Program Length and What to Expect

Most accelerated BSN programs take 11 to 18 months to complete, though some stretch to 24 months depending on how the curriculum is structured and whether you enter with all prerequisites finished. The pace is intense. You’re covering the same clinical and didactic content as a traditional four-year BSN student, compressed into roughly a third of the time. Classes often run year-round with no summer break, and clinical rotations are woven in from early on.

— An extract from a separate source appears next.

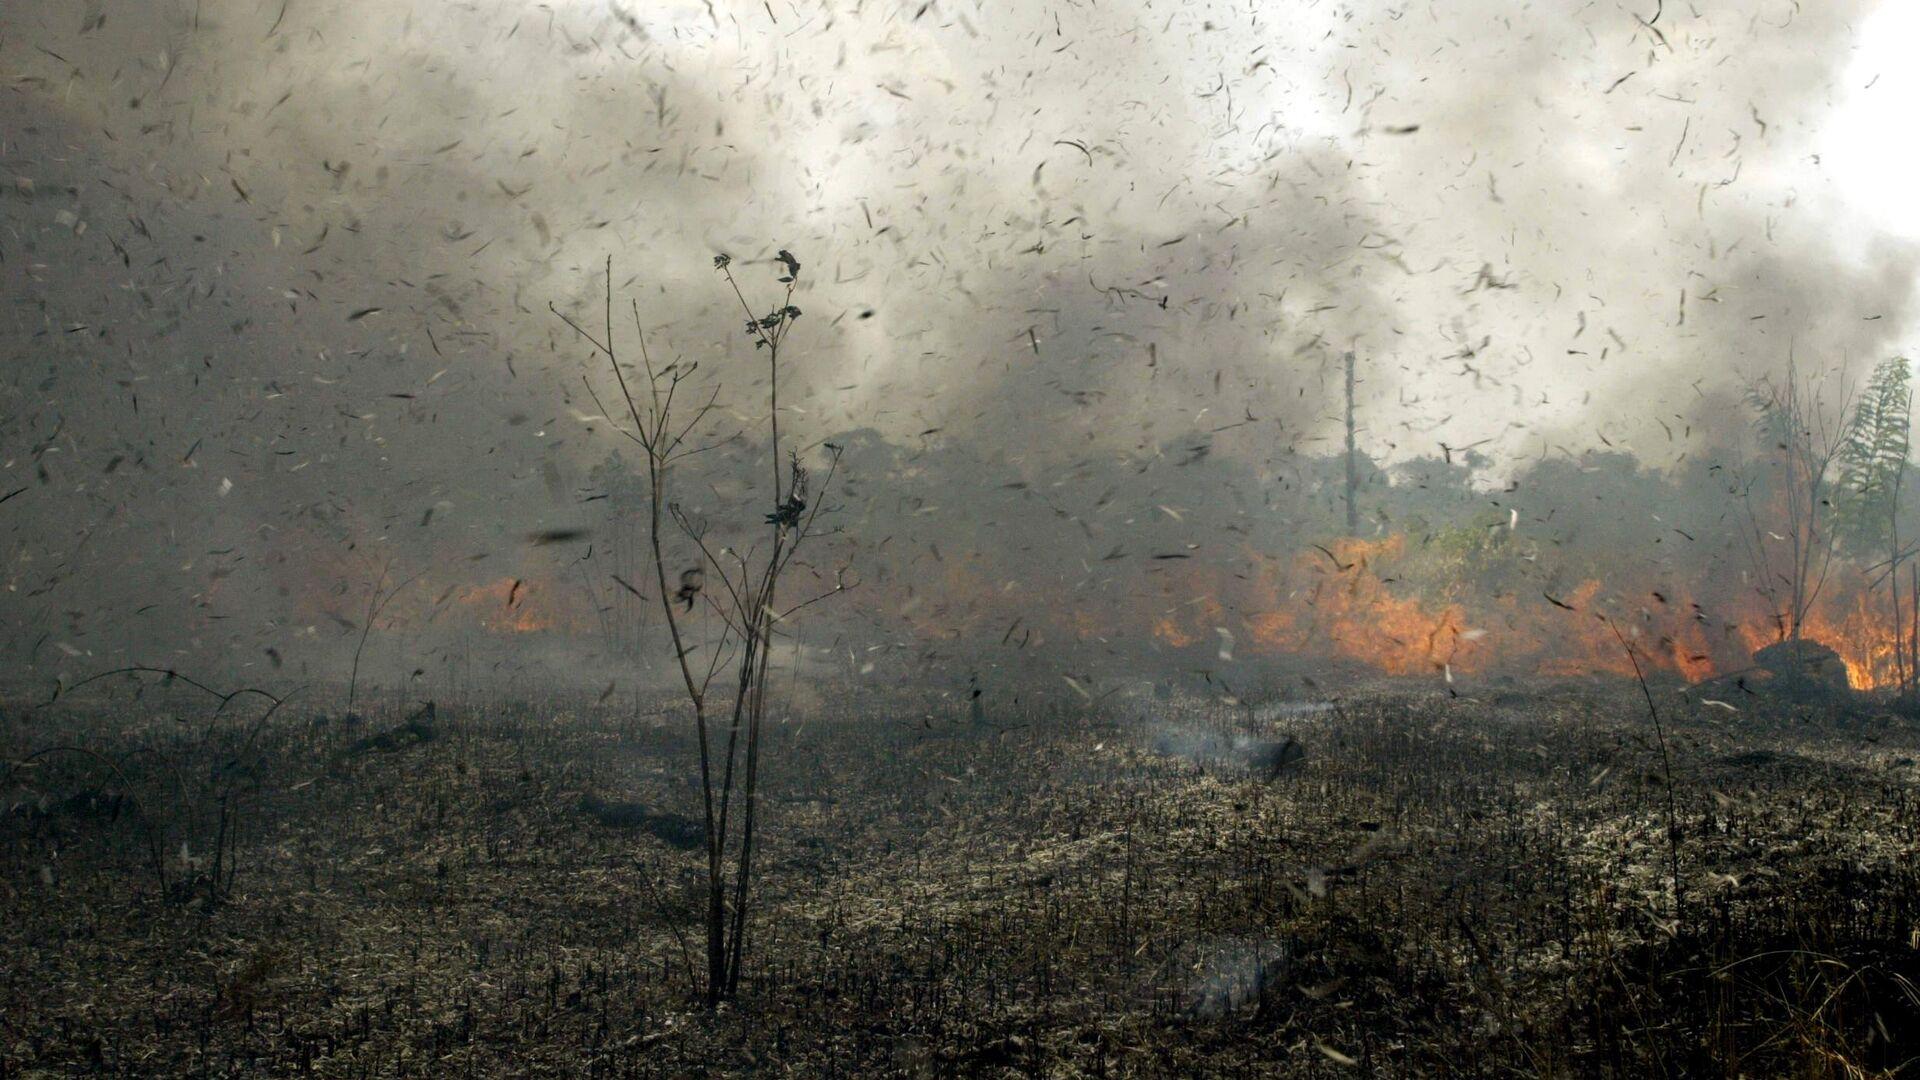 Los incendios forestales - Sputnik Mundo, 1920, 20.08.2021

Working during the program is difficult to impossible. Most programs explicitly advise against it. If you’re planning financially, assume 12 to 18 months of minimal or no income on top of tuition costs.

Outcomes After Graduation

Accelerated BSN graduates perform on par with traditional BSN graduates on the NCLEX-RN licensing exam. At Arkansas State University, accelerated BSN students posted first-time pass rates of 96.7% in 2022, 100% in 2023, 95.2% in 2024, and 100% in 2025. Traditional BSN students at the same institution scored 91% to 98.8% over the same period. This pattern holds broadly: accelerated graduates are not at a disadvantage when it comes to licensure or entering the workforce. Employers generally view accelerated BSN and traditional BSN degrees as equivalent, and both qualify you for the same roles.